Efficient detection and picking sequence planning of tea buds in a high-density canopy

Abstract

Real-time robotic tea picking ensures the economic benefits of the well-known high-quality tea industry. Efficient tea bud detection and picking sequence planning are two challenges that hinder the development of these robots. To this end, two lightweight neural networks are investigated to tackle these two problems. A state-of-the-art detection network YOLOX-S is first deployed to quickly identify tea buds. Second, the picking sequence planning of the detected tea buds is formulated as a traveling salesman problem (TSP).
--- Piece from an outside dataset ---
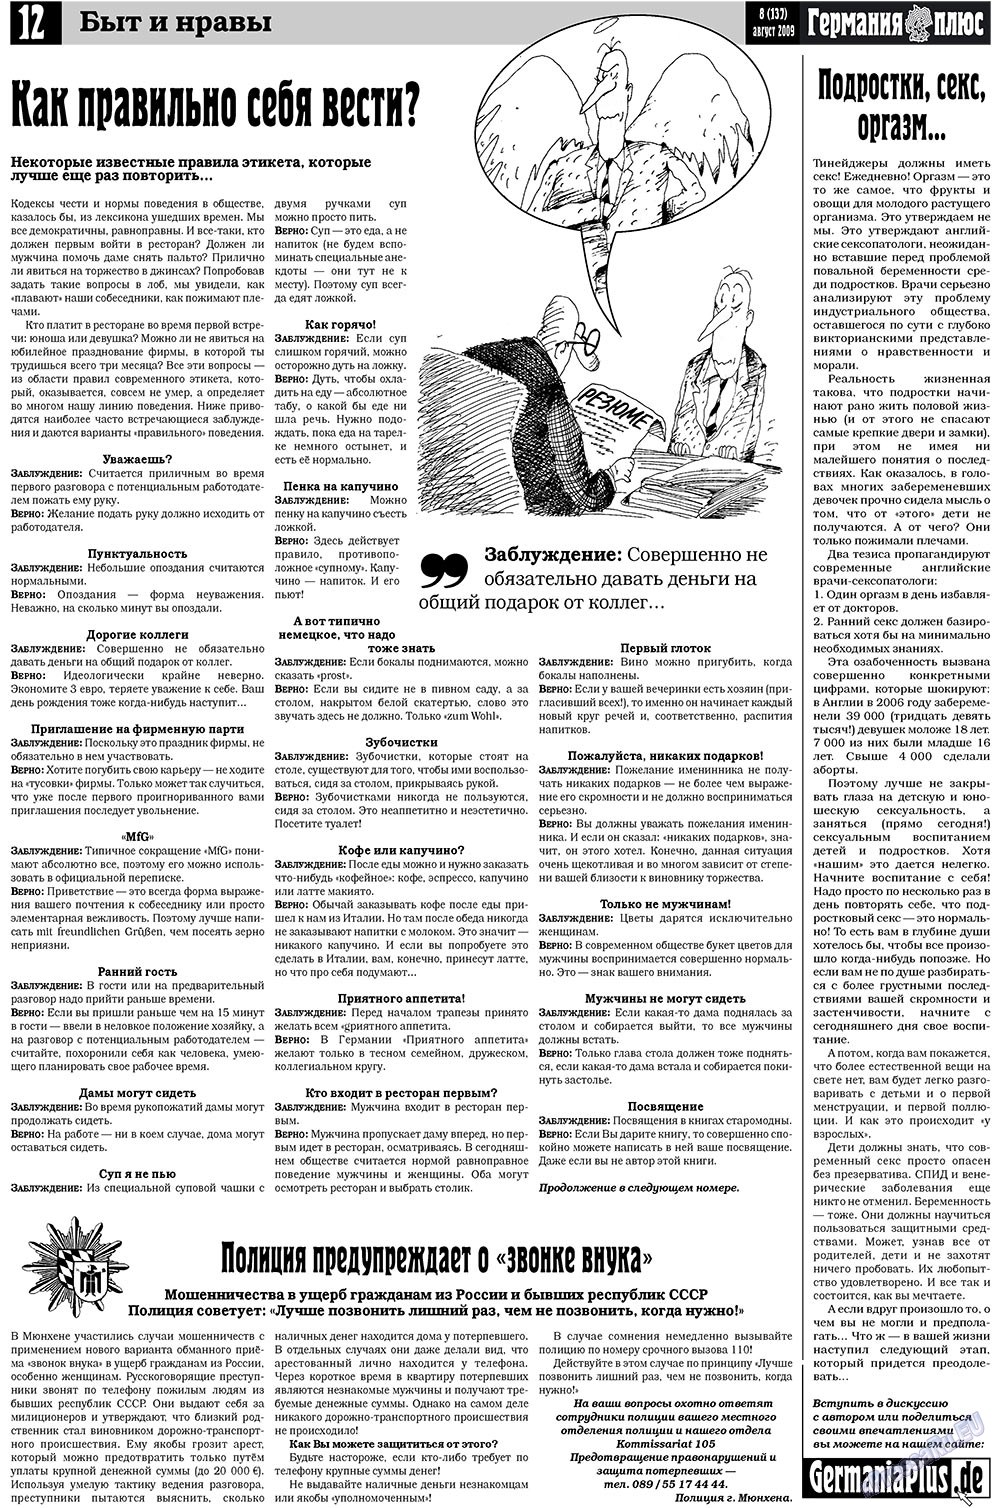 Германия плюс (газета). 2009 год, номер 8, стр. 16

Then a modified pointer network is proposed to solve the TSP, improving the pointer network by replacing its recurrent neural network with a simple self-attention layer and optimizing its parameters using a reinforcement learning algorithm. The experimental results show that YOLOX-S achieves an average precision of 0.642 and an average running time of 17.43 ms; for the problem of up to 100 tea buds in the two-dimensional interval [0, 1] × [0, 1], the modified pointer network solves the TSP with an average path length of 8.30 and an average running time of 1.69 ms. These results demonstrate that YOLOX-S and the modified pointer network can efficiently solve the tea bud detection and picking sequence planning problem without losing too much accuracy, which provides technical support for real-time tea-harvesting robots.